В самооправдательных стремлениях растерявшаяся “Пчела” не раз попадает из огня в полымя [“Северная пчела”, 1862, № 144, 148, 151, 157, 167, 168, 170.]. 7 июня она с воплями и аффектированным негодованием принимается опротестовывать, пока только в воздухе носившиеся, слухи о причастности к поджогам “студентов”. Это слово впервые читается в печати. Этим губится в раскаленном общественном мнении газета и автор определенных ее статей…
Личные “терзательства” Лескова были беспредельны. Они “засели” у него “в печенях” на всю жизнь. Он положительно трепетал всегда при воспоминании о них. Это была незаживляемая, неослабно кровоточащая рана. Она была тем больнее, что упорно почиталась им незаслуженной.
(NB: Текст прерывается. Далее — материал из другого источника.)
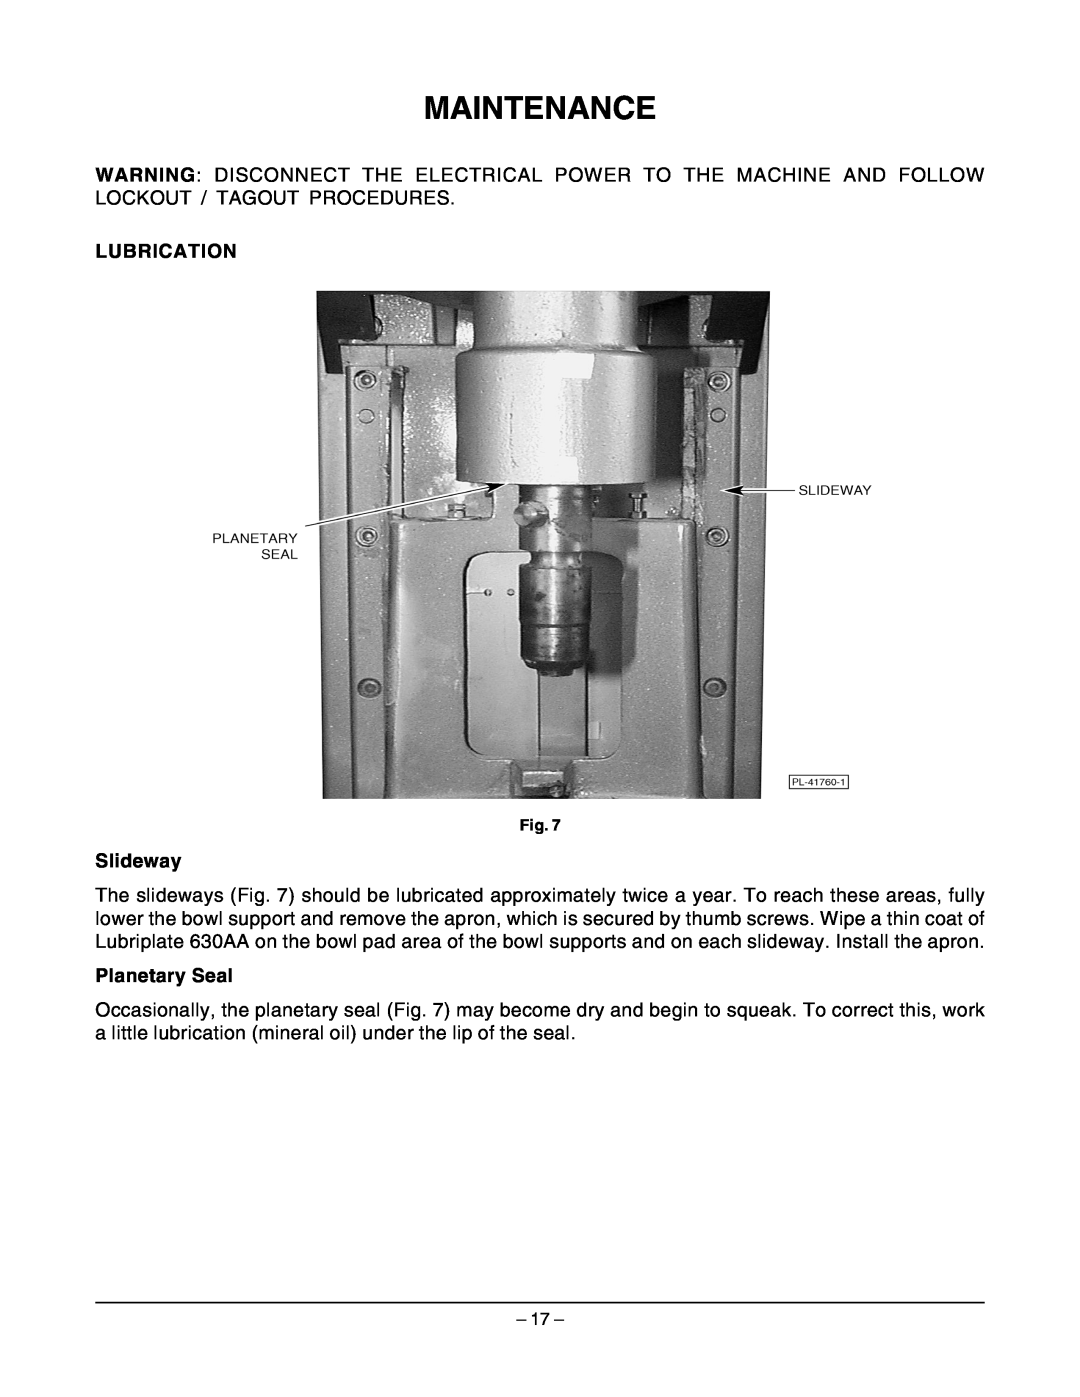 Hobart HL661 instruction manual Maintenance, Lubrication, Slideway, Planetary Seal

Проходит двадцать лет. Уже “генералом от литературы” задумывает он очерк, которому, по обычаю, примеряет несколько заглавий: “Кустарный пророк”, “Религиозные мечтатели и нововеры”, “Фабричный пророк” и в конце концов – “Обнищеванцы” [“Обнищеванцы. Религиозное движение в фабричной среде”. – “Русь”, 1881, №№ 16–21, 24, 25, с 28 февраля по 2 мая; “Русская рознь”, Спб., 1881, См. еще: “Повести, очерки и рассказы М. Стебницкого”, т. 1, 1867, с. 512; Сборник мелких беллетристических произведений Н. С. Лескова-Стебницкого. 1873, с. 512.].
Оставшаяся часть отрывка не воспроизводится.